Tuesday, September 19, 2017

TurboParker's Guide to UMX Radian Trimming

Copied from RCGroups:

Initial balancing & trimming:

1) MEASURE the CG on your plane. Do whatever is necessary to adjust it to 31mm, which is the factory recommended starting point. Do this before you try anything else.

2) Zero your tx trims. If your transmitter allows, adjust the trim-steps to the smallest setting. (Usually "1".)

3) Power-up the plane, but do not engage AS3X. Then disconnect the battery.

4) Mechanically trim the elevator so that it's neutral with respect to the stab.

5) Take the plane up for a flight with the CG @ 31mm & see how it behaves power-off & power-on.

6) If it glides smoothly & doesn't balloon under power, you're done.

7) If it porpoises during the glide and/or balloons under power - add down-trim until it glides smoothly, then zero your tx trim & transfer the tx trim to mechanical trim.

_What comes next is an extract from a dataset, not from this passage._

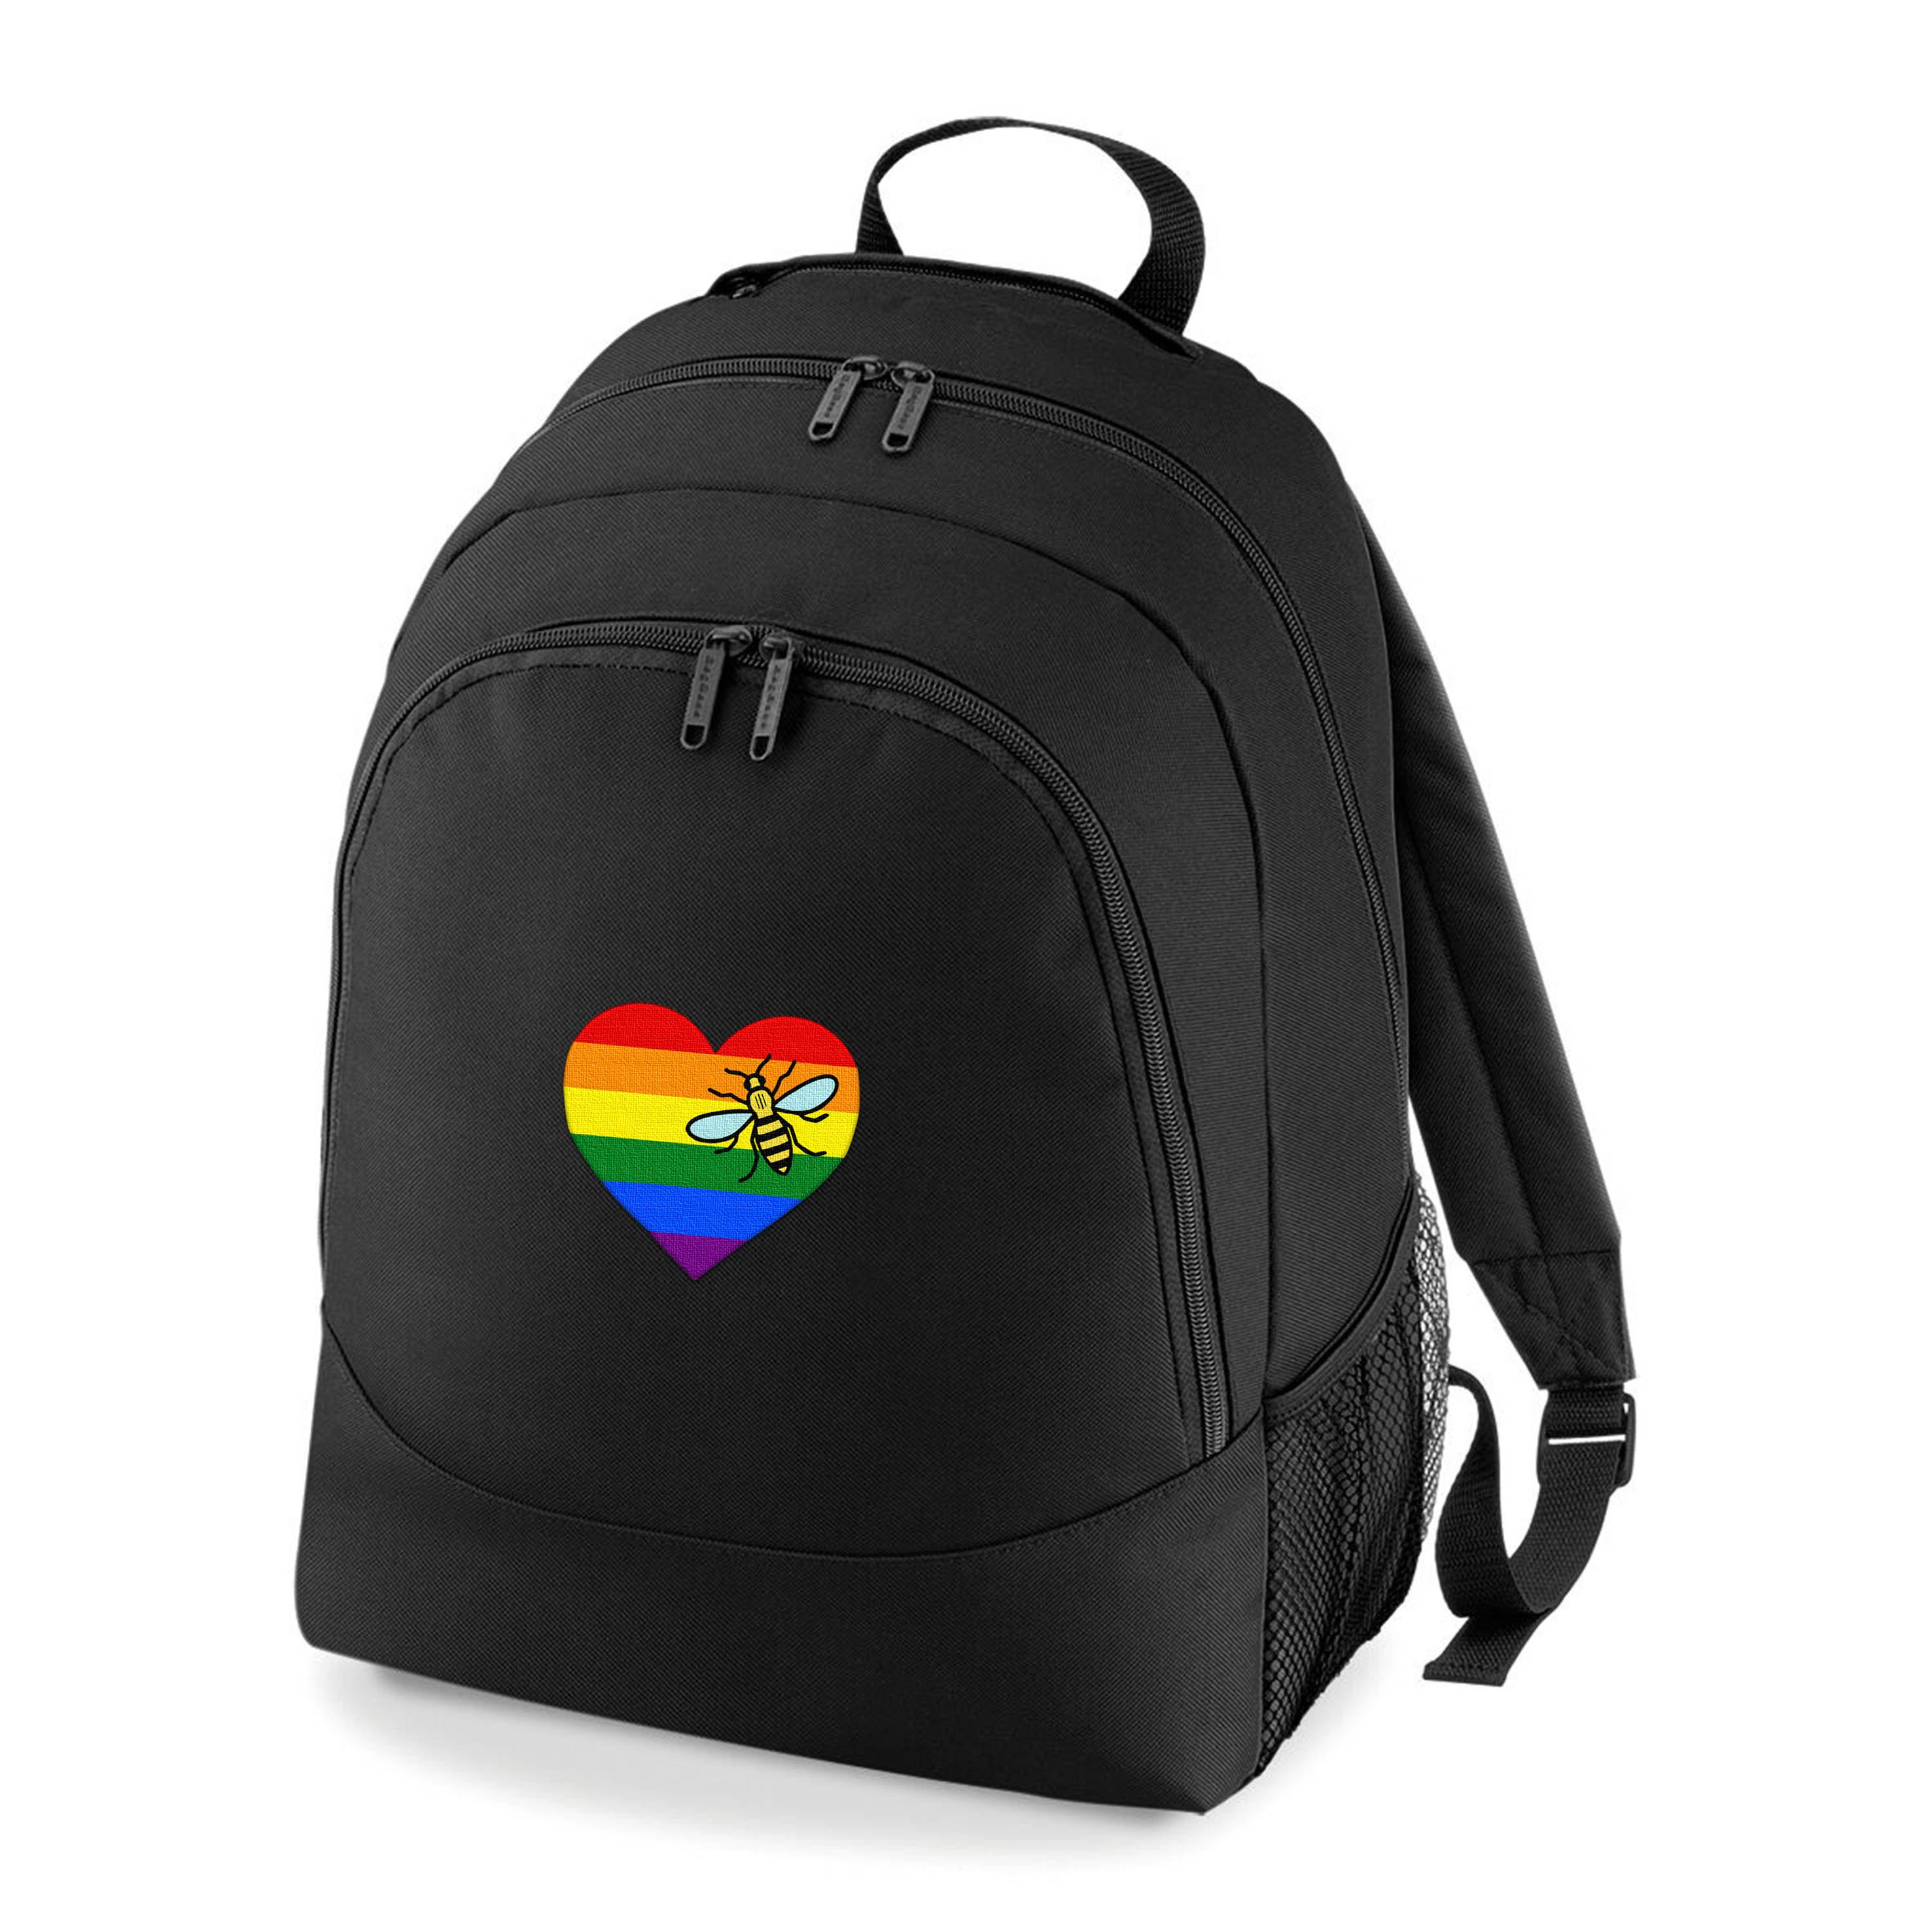 Rainbow Pride Rucksack Bag

8) Note the degrees of down-trim with respect to the stab. If it's only a few degrees or so, you can call it good - unless you're trying to squeeze every last bit of glide performance out of the airframe that you can get. If you're trying to set a personal UMXR glide record, adjust the decalage accordingly, so that no visible trim is needed for best glide with the CG at 31-32mm. If the plane needs a lot of visible down-trim with the CG at 31-32mm, the decalage is off enough to warrant fixing it or returning the plane & getting a replacement.

Remember that you must re-trim the elevator for best glide whenever you change the CG. That is absolutely mandatory. If you don't, you will simply end up chasing your tail & get frustrated with the process of flight-trimming. When you get it right, you will be rewarded with a plane that glides smoothly & efficiently, and exhibits very little (if any) throttle-pitch coupling under power. See the video below for an example of how the plane is supposed to behave when it's trimmed & balanced correctly, and the decalage is about right. Be sure to turn up the sound, as I narrate during the flight. It's a bit long, but the 19 minutes it takes to watch the entire video will most likely be worth it for those who are new to sailplanes.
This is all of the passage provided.